- Born: Kiev, Ukrainian SSR, Soviet Union (now Kyiv, Ukraine)
- Occupation: Cryptographer

= Anna Lysyanskaya =

American cryptographer

Anna A. Lysyanskaya (Note: Анна А. Лисянська) is a cryptographer known for her research on digital signatures and anonymous digital credentials. She is the James A. and Julie N. Brown Professor of Computer Science at Brown University.

==Early life and education==
Lysyanskaya grew up in Kiev, Ukrainian SSR, Soviet Union (now Kyiv, Ukraine), and came to the US in 1993 to attend Smith College, where she graduated in 1997. She went to the Massachusetts Institute of Technology for graduate study, earning a master's degree in 1999 and completing her Ph.D. in 2002. Her dissertation, Signature Schemes and Applications to Cryptographic Protocol Design, was supervised by Ron Rivest.

==Career==
After completing her doctorate, Lysyanskaya joined the Brown University faculty in 2002. She was given the James A. and Julie N. Brown Professorship in 2023.

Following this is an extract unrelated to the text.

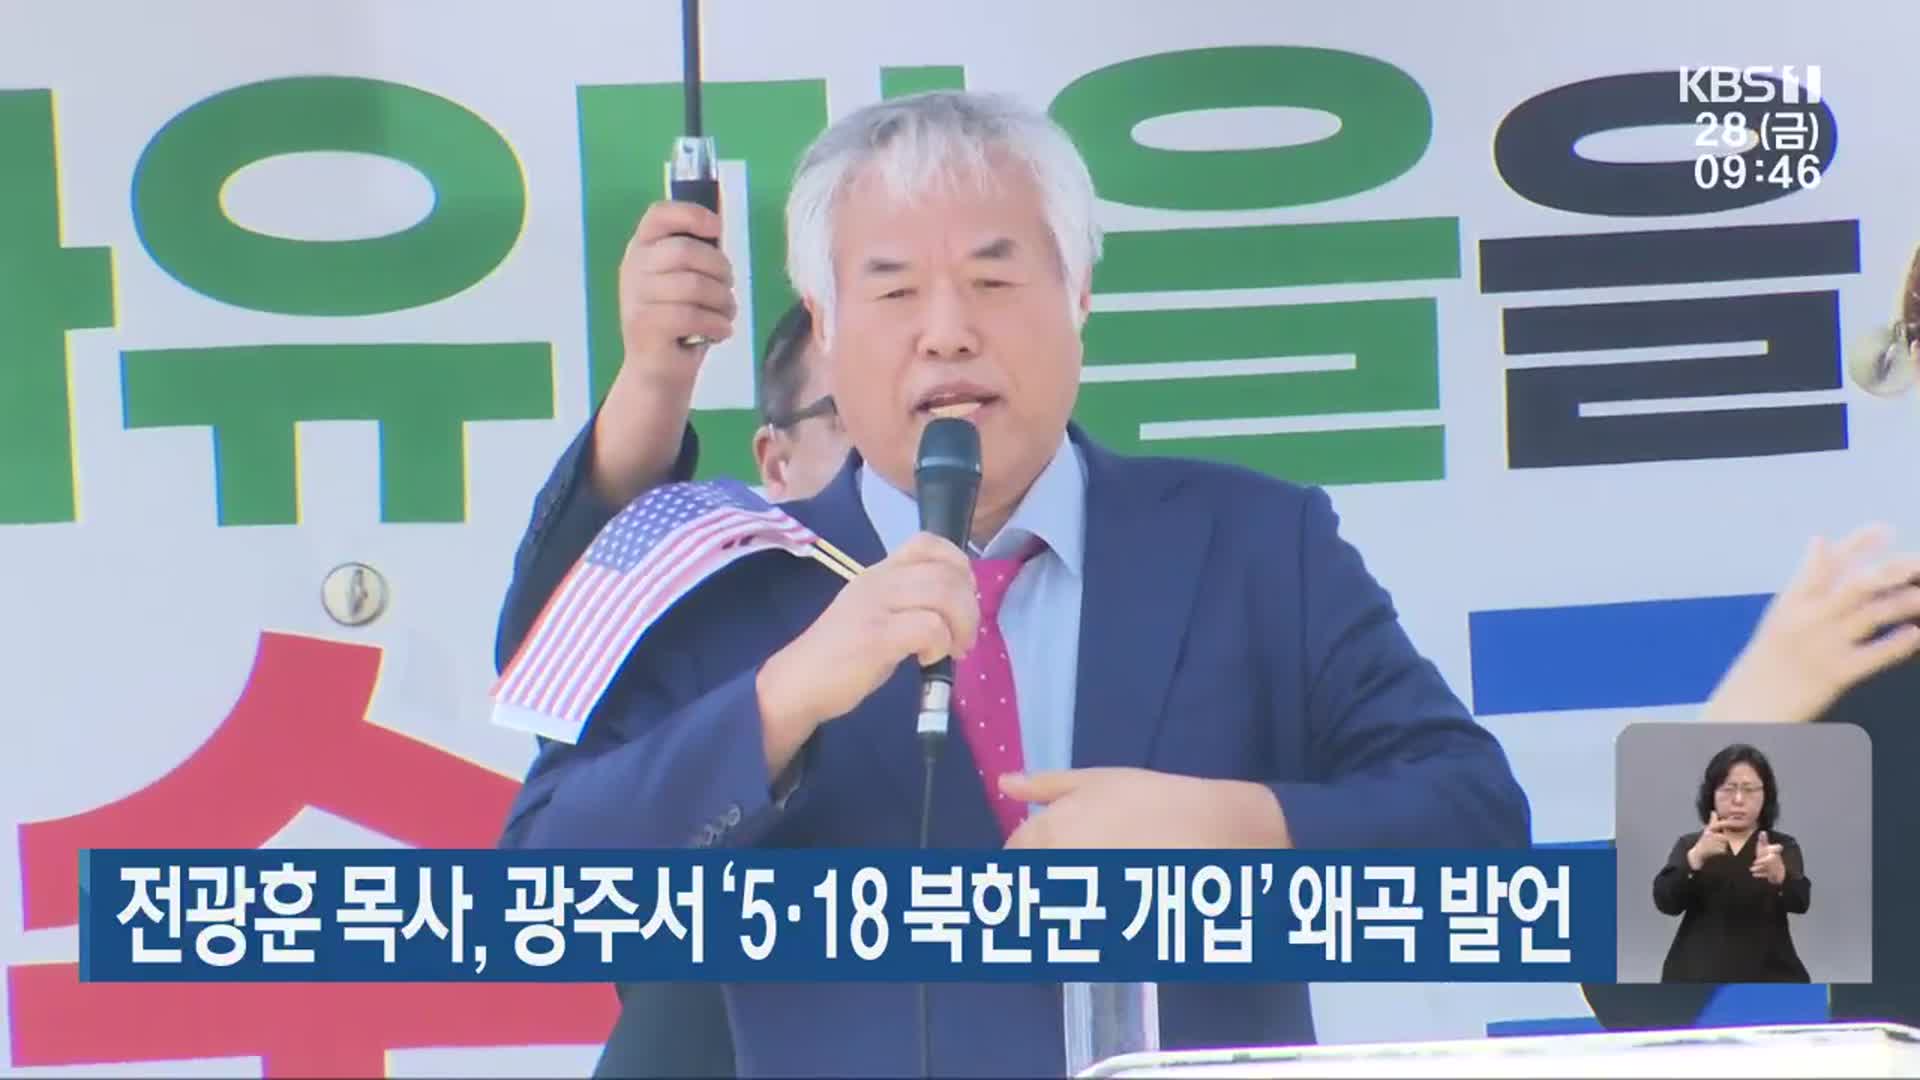 전광훈 목사, 광주서 ‘5·18 북한군 개입’ 왜곡 발언

She is a member of the board of directors of the International Association for Cryptologic Research (IACR), first elected in 2012, and re-elected for three additional three-year terms in 2015, 2018 and 2021. She was named IACR Fellow in 2025. She served on the Scientific Advisory Board for the Institute for Computational and Experimental Research in Mathematics (ICERM) through 2021.

She was awarded the Levchin Prize in 2024 “for the development of efficient Anonymous Credentials”.